▶ [Required work] Every line below from the one containing "Profile Drawings of" through the one containing "5 Exercises to" is to be printed exactly, with the pictures omitted.

▶ [Record set]
↓
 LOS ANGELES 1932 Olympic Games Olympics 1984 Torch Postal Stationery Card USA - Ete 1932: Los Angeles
↑
↓
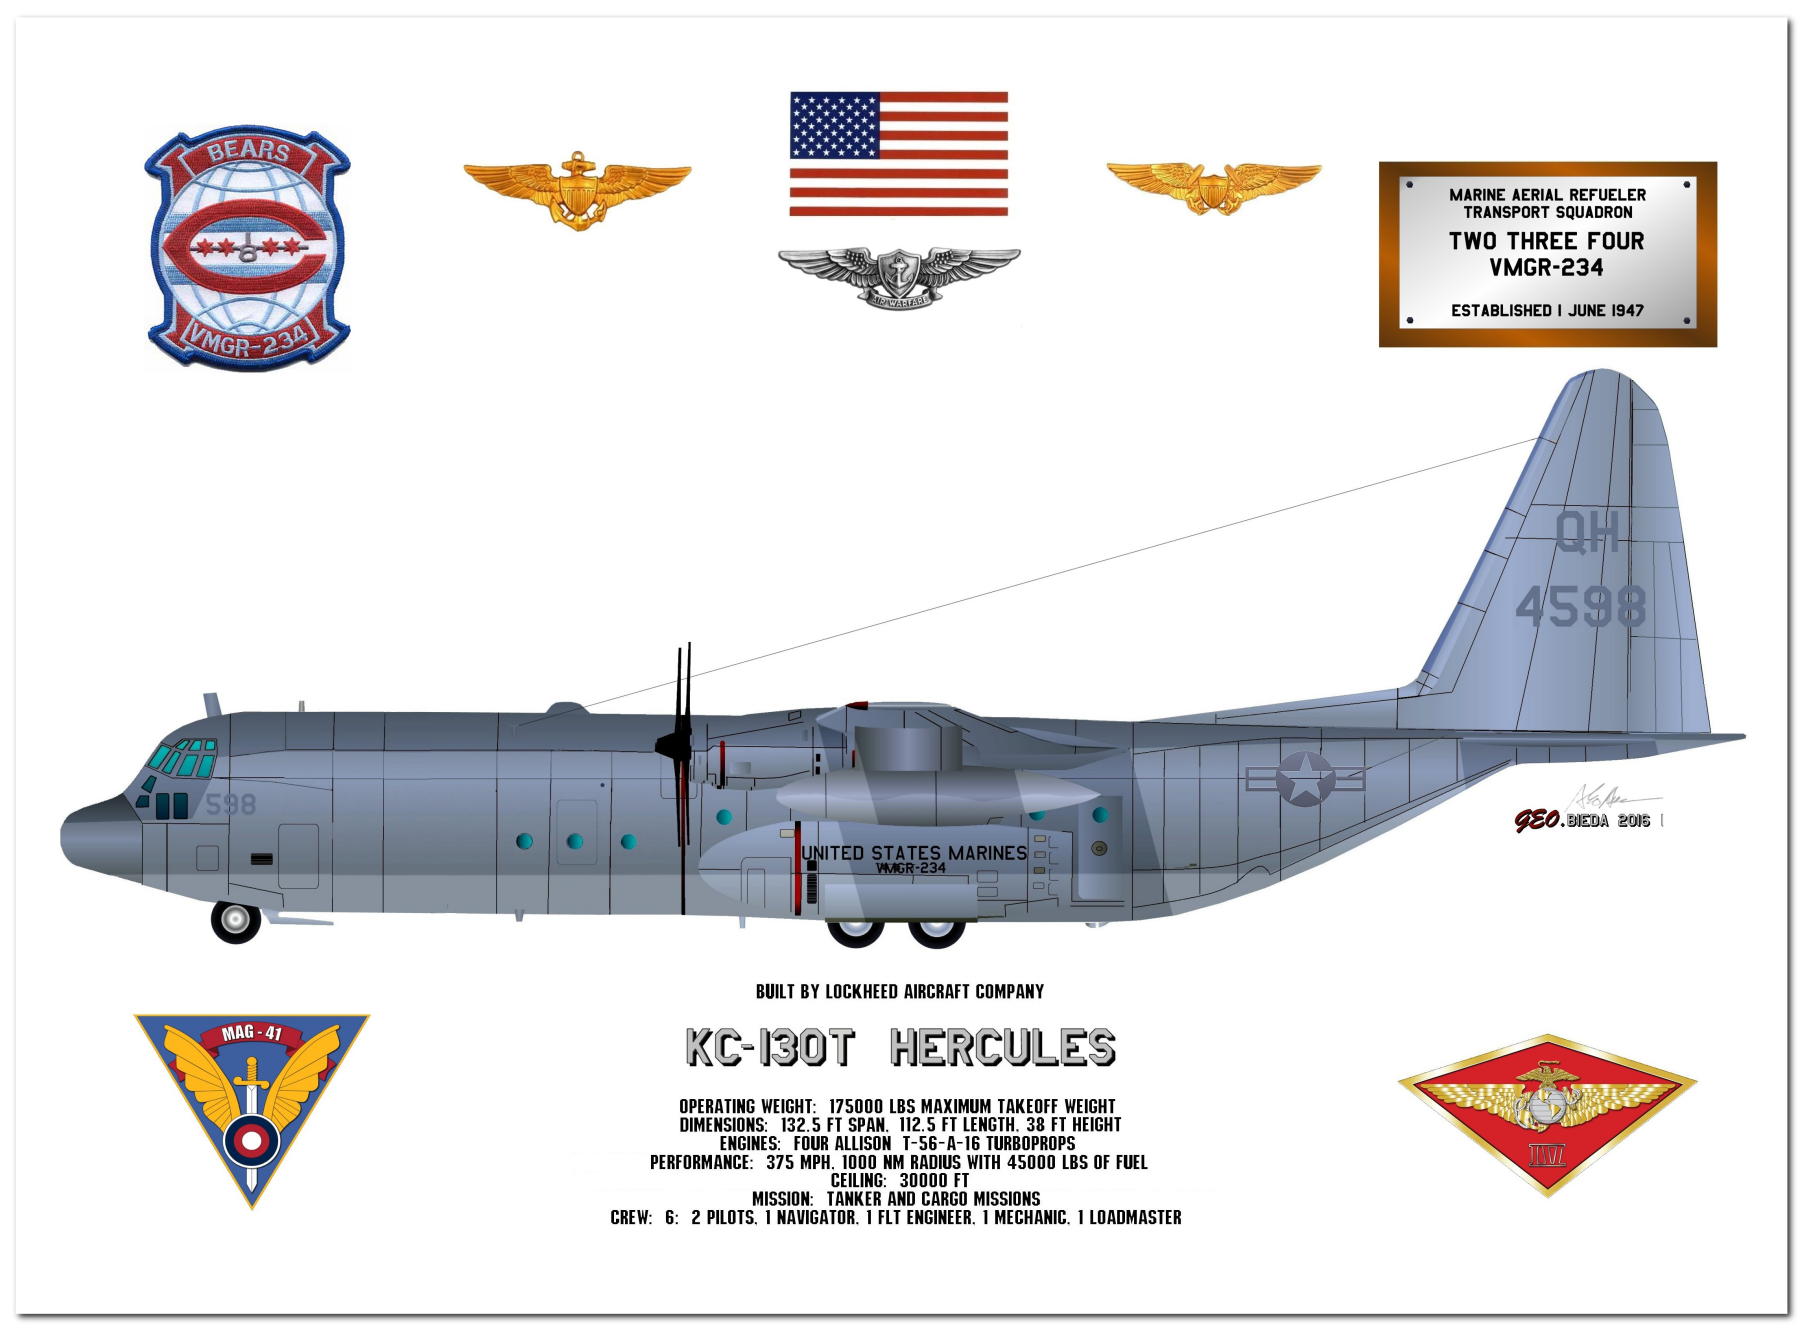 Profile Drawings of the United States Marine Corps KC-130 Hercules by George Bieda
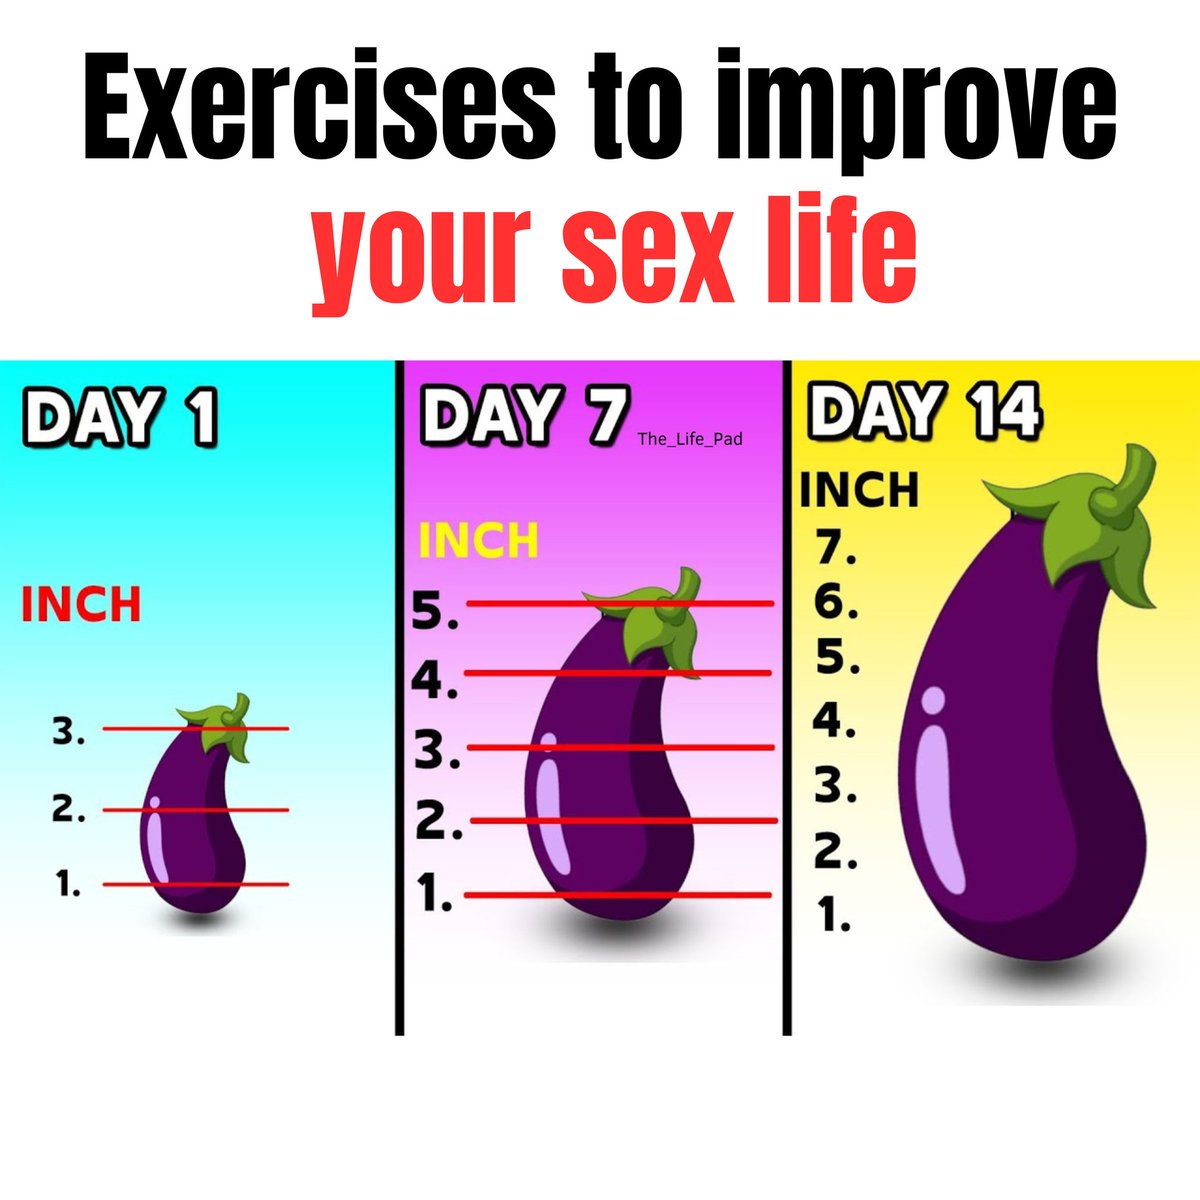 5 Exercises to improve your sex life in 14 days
↑
↓
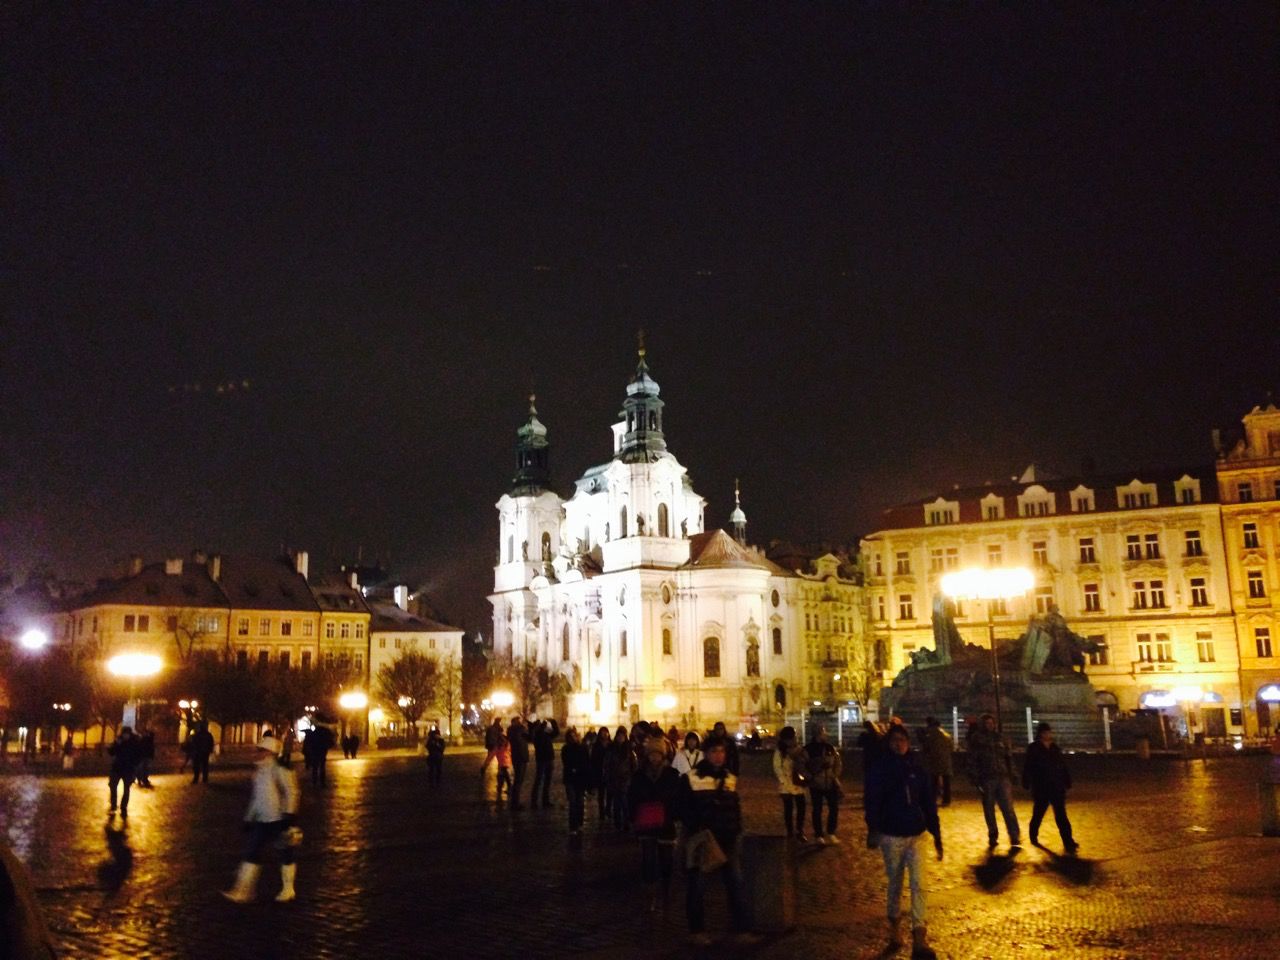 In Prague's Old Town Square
↑
▶ [Reply]
 Profile Drawings of the United States Marine Corps KC-130 Hercules by George Bieda
 5 Exercises to improve your sex life in 14 days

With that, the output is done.